Short Rides

By: Lorelei James

A murder/suicide.

In Sundance, Wyoming.

It was one of the worst scenes Deputy Cam McKay had dealt with. And he’d seen a lot of horrific things over the years. He’d served several rotations in Iraq and witnessed the aftermath of suicide bombers. He’d seen animals used as vessels to hold bombs. He’d been in a caravan that’d hit a string of IEDs, resulting in death and dismemberment of his fellow soldiers. He hadn’t come away from war unscathed—he’d lost most of his left leg, part of his hand, and bore scars, both visible and invisible.

During his time as deputy in Crook County, he’d dealt with deadly car accidents, including a fatality involving his cousin, Luke McKay. He’d broken up domestic disputes where one or both of the parties were drunk, armed, angry, and bleeding. He’d stumbled across a wild horse slaughter.

But this? It was beyond sickening.

The hysterical 911 call from the neighbor who’d discovered the bodies hadn’t prepared him at all for what he’d found at the crime scene.

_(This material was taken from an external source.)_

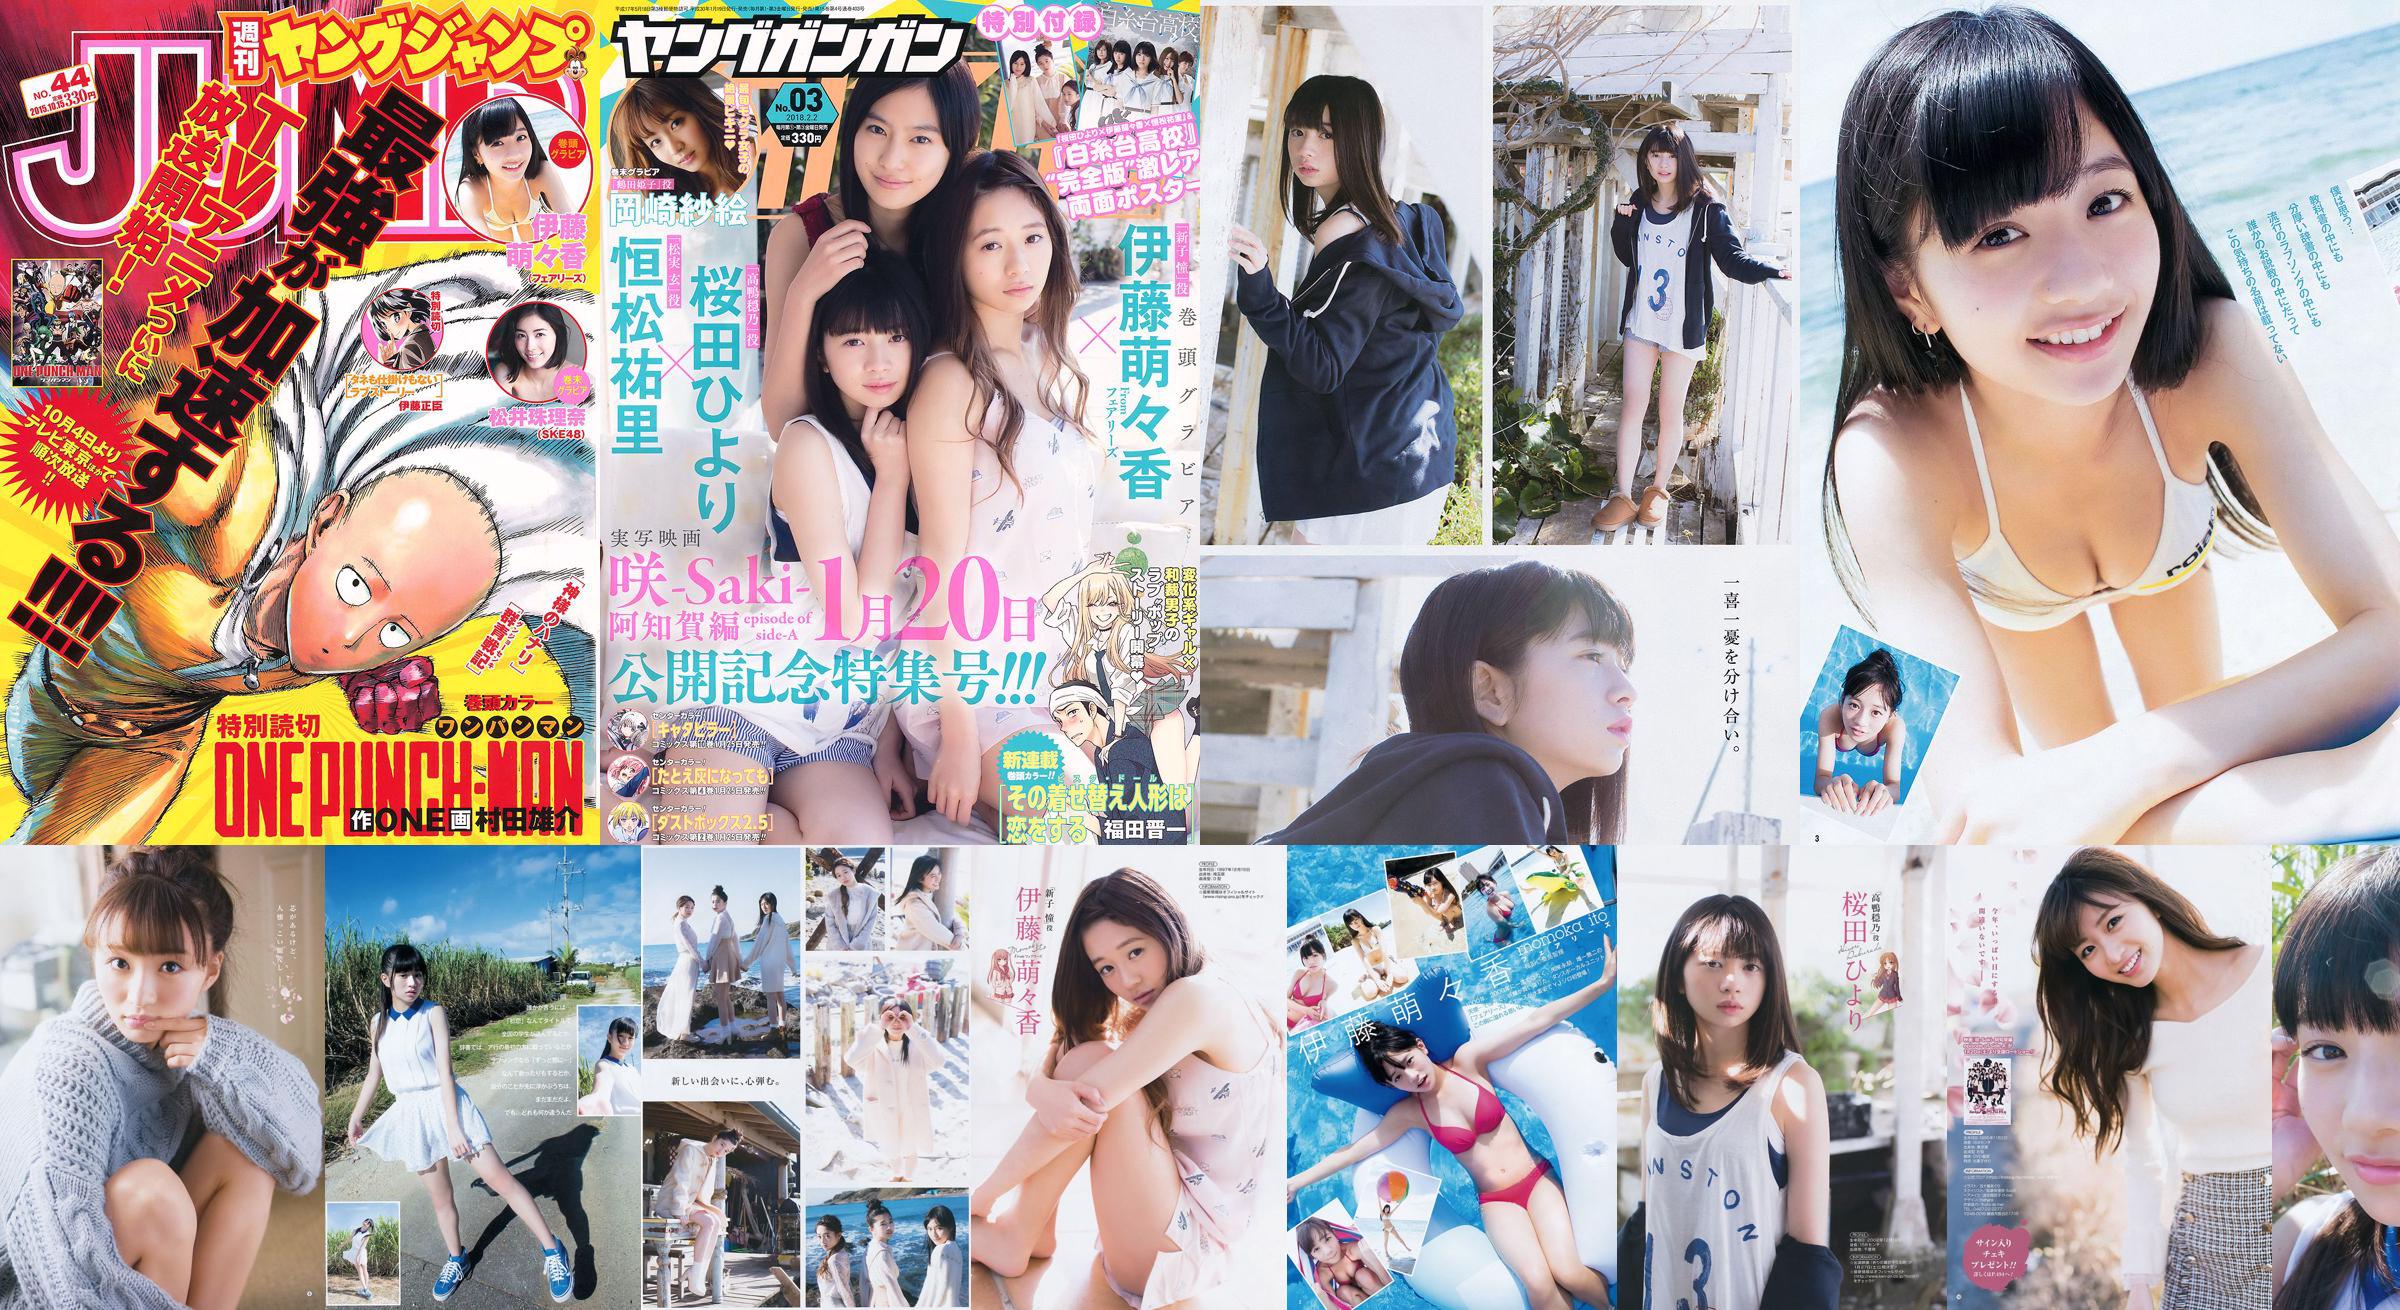 伊藤桃香松井朱里奈 [周刊 Young Jump] 2015 No.44 照片 No.edcfc5 第1頁

His stomach roiled as his brain flashed back to the carnage and he fought the urge to throw up.

Again.

But Cam hadn’t been alone in his reaction. Sheriff Shortbull had stumbled outside and heaved over the juniper hedge after his glimpse at the dead couple.

A murder/suicide.

In Sundance, Wyoming.

Happy Valentine’s Day.

Maybe it seemed worse because Cam knew the couple. He’d graduated from high school with Jeff Wingate. Cam couldn’t fathom how the mild-mannered insurance salesman could carry out such brutality, especially to his wife. And Angela hadn’t fought back. She’d literally lay down and died.

What a fucking waste.

What a fucking mess.

There’d been no indication of domestic issues. No 911 phone calls in the last year. No history of violence. He’d seen them eating in Dewey’s Delish Dish two weeks ago. They’d acted… happy.

Because the crime scene was beyond their small county’s investigative expertise, they’d had to call in the DCI from Cheyenne. Which meant waiting for the crew to arrive. But neither Cam nor Sheriff Shortbull could stomach waiting inside the house where the bloodbath had occurred.

So they stood outside in the frigid February weather, taking turns warming up in their patrol cars. He and the sheriff were too disturbed to slide into their usual defense mechanism, cracking jokes—which was how most law enforcement officers handled unpleasant aspects of the job—trying to find any bit of humor to escape the horror of the gruesome scene.

About two hours into the wait for the experts to arrive, a Ford Explorer inched up the driveway and parked.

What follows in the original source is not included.